With respect, I think you should be directing that comment to the other guy, who clearly started being unpleasant and messing up my thread when I tried to help him. It's all there in black and white. I don't take crap like that lying down.


----------



## Studabaker (May 28, 2009)

The release candidate nuked my install just like it did for many others :shadedshu

The final release has been making my Vista kick more ass for a good few weeks now


----------



## Mussels (May 28, 2009)

qubit said:


> With respest, I think you should be directing that comment to the other guy, who clearly started being unpleasant and messing up my thread when I tried to help him. It's all there in black and white. I don't take crap like that lying down.
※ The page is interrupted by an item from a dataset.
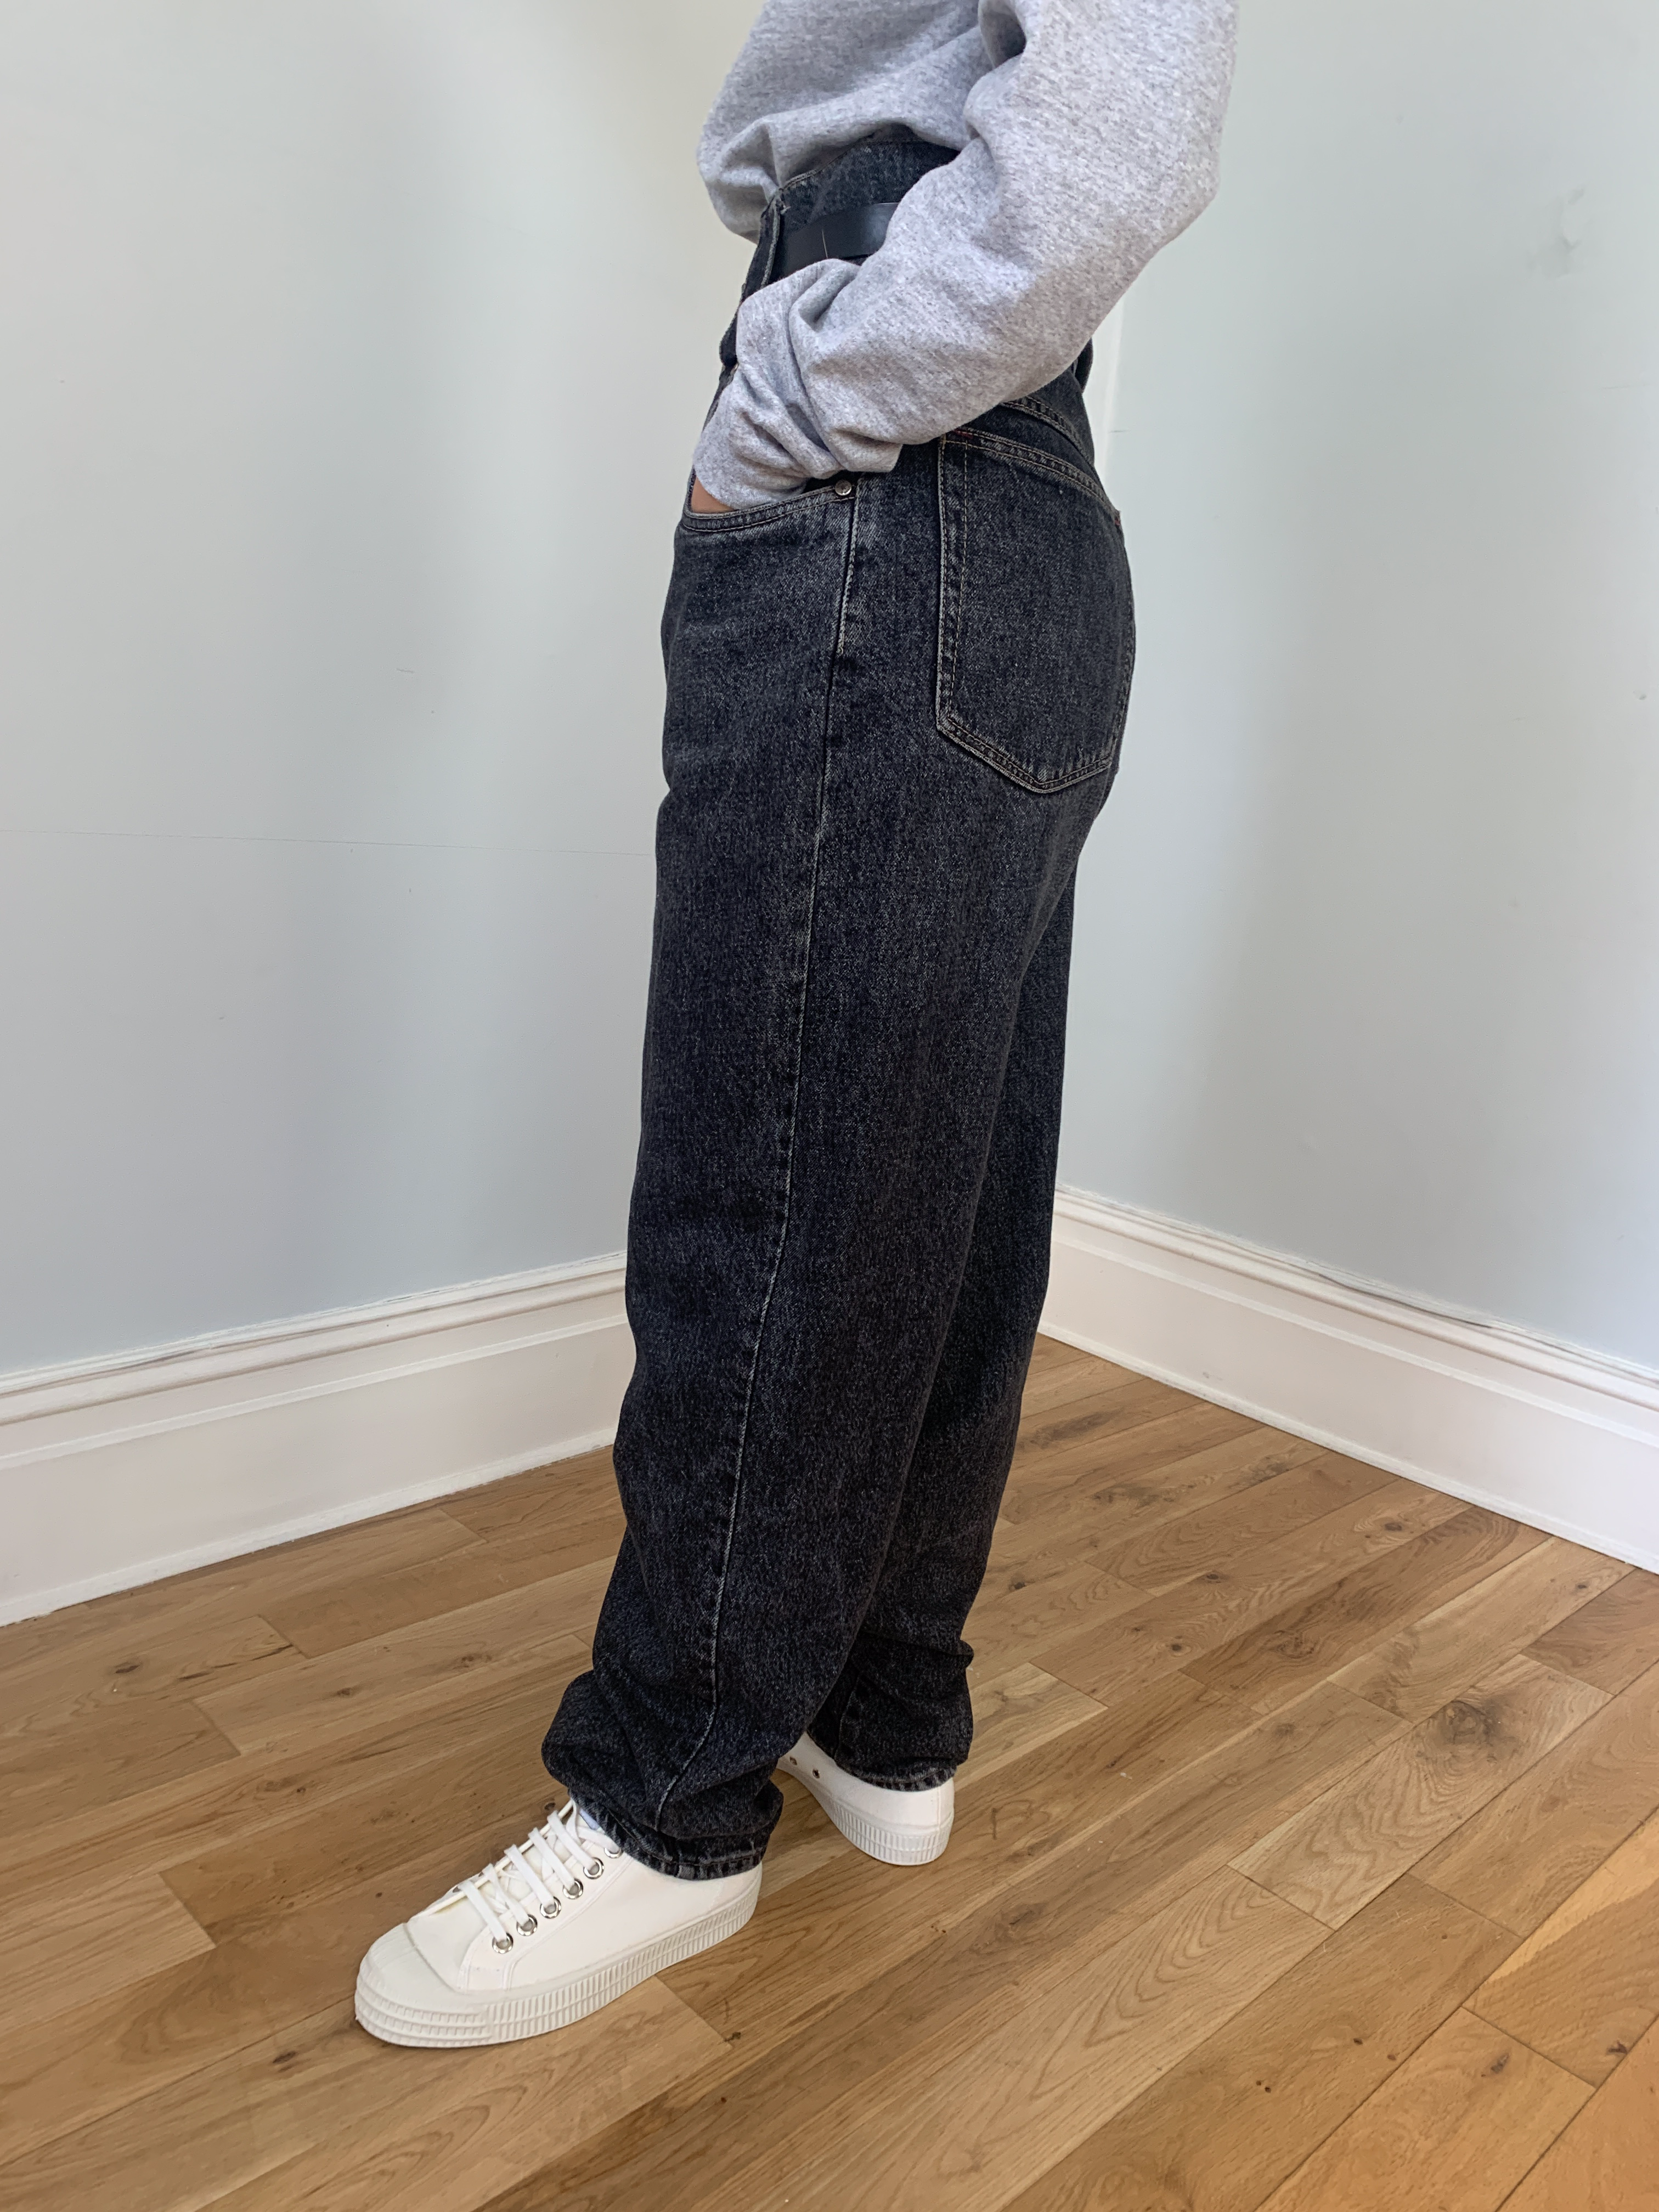 Jonny Q oversized 90s high waisted jeans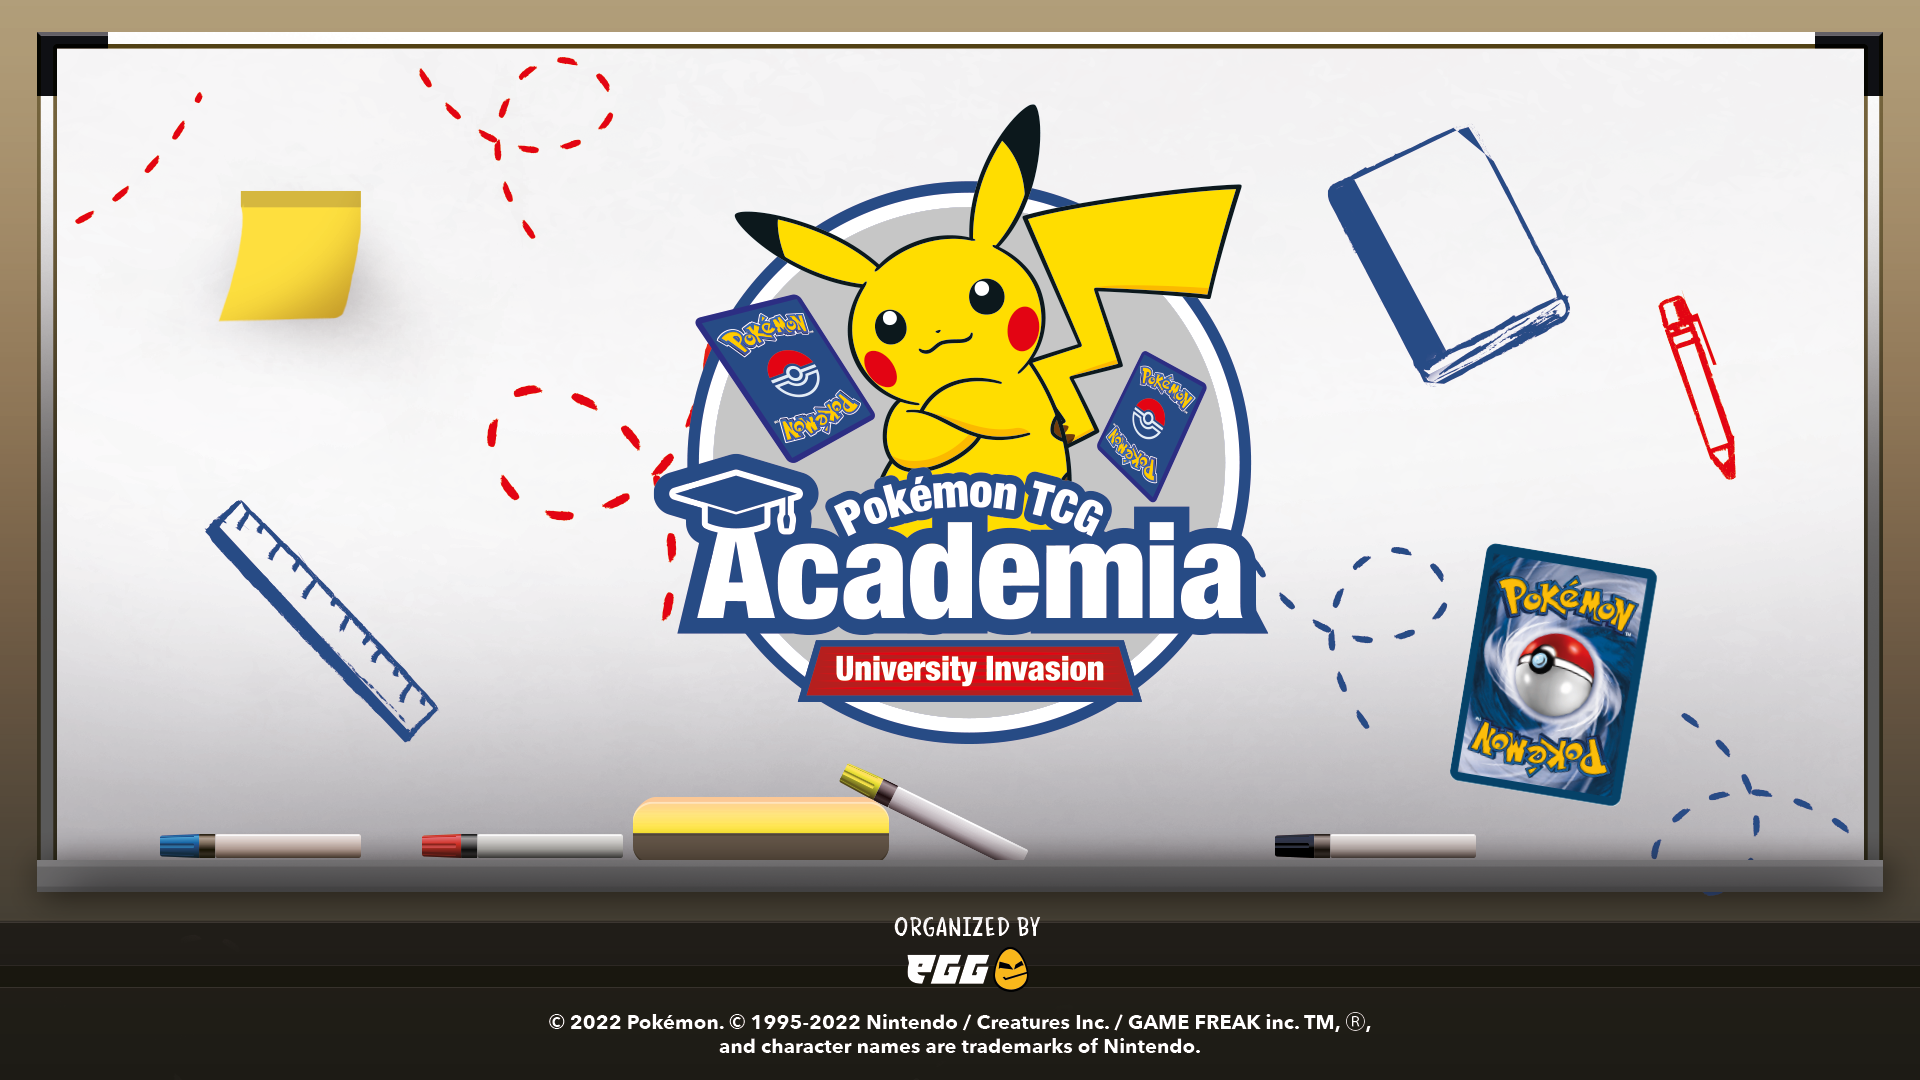 Pokémon TCG Academia University Invasion

both were quoted to keep it in context. if one of you stops and the other keeps going, its the one that keeps going that will get in trouble. dont worry, i'm watching.


----------



## qubit (May 28, 2009)

Mussels said:


> both were quoted to keep it in context. if one of you stops and the other keeps going, its the one that keeps going that will get in trouble. dont worry, i'm watching.



As far as I'm concerned, it's over unless he says something bad and then heck, you're watching. Thanks!


----------



## qubit (May 28, 2009)

Studabaker said:


> *The release candidate nuked my install just like it did for many others :shadedshu*
> 
> The final release has been making my Vista kick more ass for a good few weeks now



Sorry to be slow lol, but do you mean that a fresh install of 7 RC borked completely?


----------



## Mussels (May 28, 2009)

qubit said:


> Sorry to be slow lol, but do you mean that a fresh install of 7 RC borked completely?



i beleive he is referring to how the RC candidate for vista service pack 2, breaks and makes systems unbootable for some people - usually those who modified their vista installs.


----------



## qubit (May 28, 2009)

Mussels said:


> i beleive he is referring to how the RC candidate for vista service pack 2, breaks and makes systems unbootable for some people - usually those who modified their vista installs.



Ah yes, that makes more sense.


----------



## Polarman (May 28, 2009)

My system ran fine before SP2 so i don't really see anything different right now.


----------



## LoneReaction (May 30, 2009)

I installed SP2 and WLM 9 died. I tried to install it and I get this:


----------



## Dippyskoodlez (May 30, 2009)

Installed, and installed recent updates from windows update.

Not a single problem.

No difference either.


----------



## Deleted member 67555 (May 30, 2009)

Not sure if it's the cause but after installing CoD WaW online has been glitchy, like when i play now im just out of sink with all the other players


----------



## DRDNA (May 30, 2009)

DRDNA said:


> I will test tonight to see if I get the same.



no problems with GRID tested and all is well.


----------



## grunt_408 (May 30, 2009)

Just went to sp2 for vista 64bit. From start of install to being able to log into here after reboot it took 10 minutes. I like the warning that it could take an hour or more


----------



## ShadowFold (May 31, 2009)

Downloaded an SP2 ISO and installed, works great for me!


----------



## mastrdrver (May 31, 2009)

jmcslob said:


> Not sure if it's the cause but after installing CoD WaW online has been glitchy, like when i play now im just out of sink with all the other players



Glad you said that. I think I'll hold off until I hear more about SP2 with WaW since I play online waaaayyyyyy to much. 

Although, I could just restore from my image that I decided to make after a reinstall of Vista. I never want to do that again since I have a very, very early release. Was a lot easier/faster this time since I already had SP1 iso downloaded.


----------



## Deleted member 67555 (May 31, 2009)

> Glad you said that. I think I'll hold off until I hear more about SP2 with WaW since I play online waaaayyyyyy to much



Oh man still not sure if it's the cause but i have reinstalled-updated every driver now and still does not play exactly right, and same with crysis wars both played good until i installed sp2


----------